Thursday, April 3, 2008
Leave it to a Man to be a Mom
Leaving all the philosophical, spiritual, and ethical discussions to much smarter people, I'd just like to say, DANGNABIT MAN!
You're messing with a mother's universal right to use the pain of childbirth as unlimited leverage over her husband and children. "I writhed in agony for 27 hours just to get you out of my body, the least you can do is keep your room clean."
The "Wow did you see how much pain I was in giving birth to YOUR child" guilt trip is an irreplaceable negotiation tool. Directly after giving birth I have been showered with precious gems and lavish vacations from the man whose maximum pain tolerance peaks at a paper cut.
Let's face it. Pregnancy is still a shroud of mystery to most men. Until now. This is going to blow the secret of the sisterhood. Hormonal rants, crazy food cravings and squeezing out a human being are rewards to those of us who have to wear tampons and endure menopause.
For nine months, a pregnant woman is cared for, indulged, treated carefully, even placed on some sort of reproductive pedestal.
Bottom line: when she plays her cards right, a pregnant woman can be treated like the fertile, life-giving queen that she is.
Bottom most line:
It's bad enough when you're sick, I DON'T NEED YET ANOTHER REASON TO CATER TO A MAN!

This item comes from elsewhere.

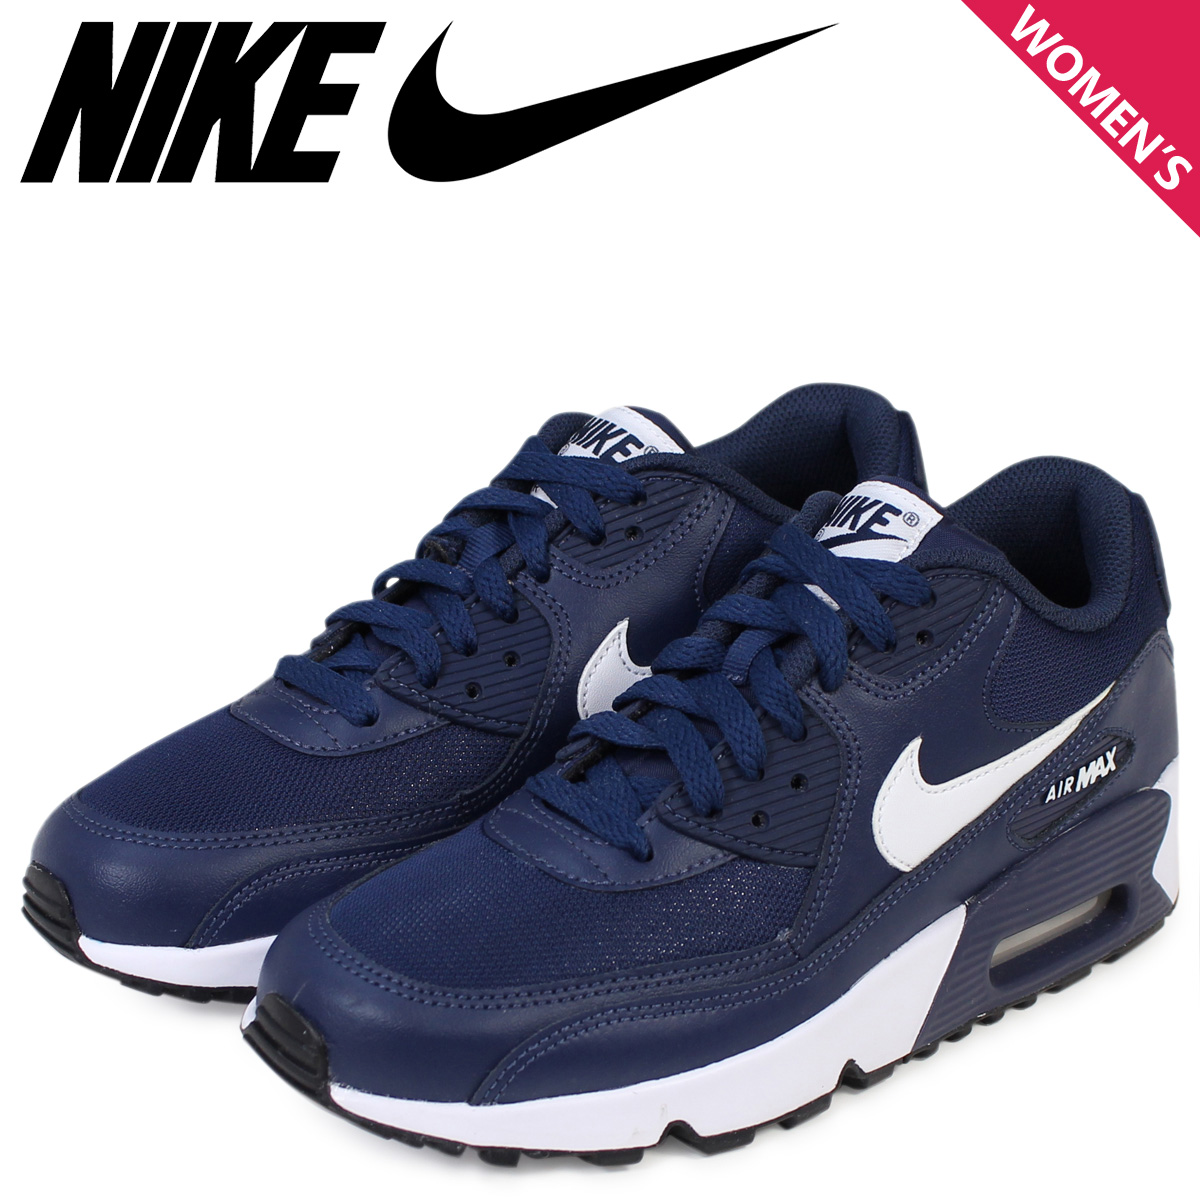 nike navy blue shoes womens

**No, of course this story is an Internet hoax from www.malepregnancy.com. There is a transgender man who is allegedly pregnant, as revealed recently, on April Fool's Day, I believe. But if he started as a woman, changed to a man, but still kept the female reproductive organs, wouldn't that still qualify him to be a woman??
Anyway, it's crazy to think about. As far as I know, seahorses are the pregnant males I've seen.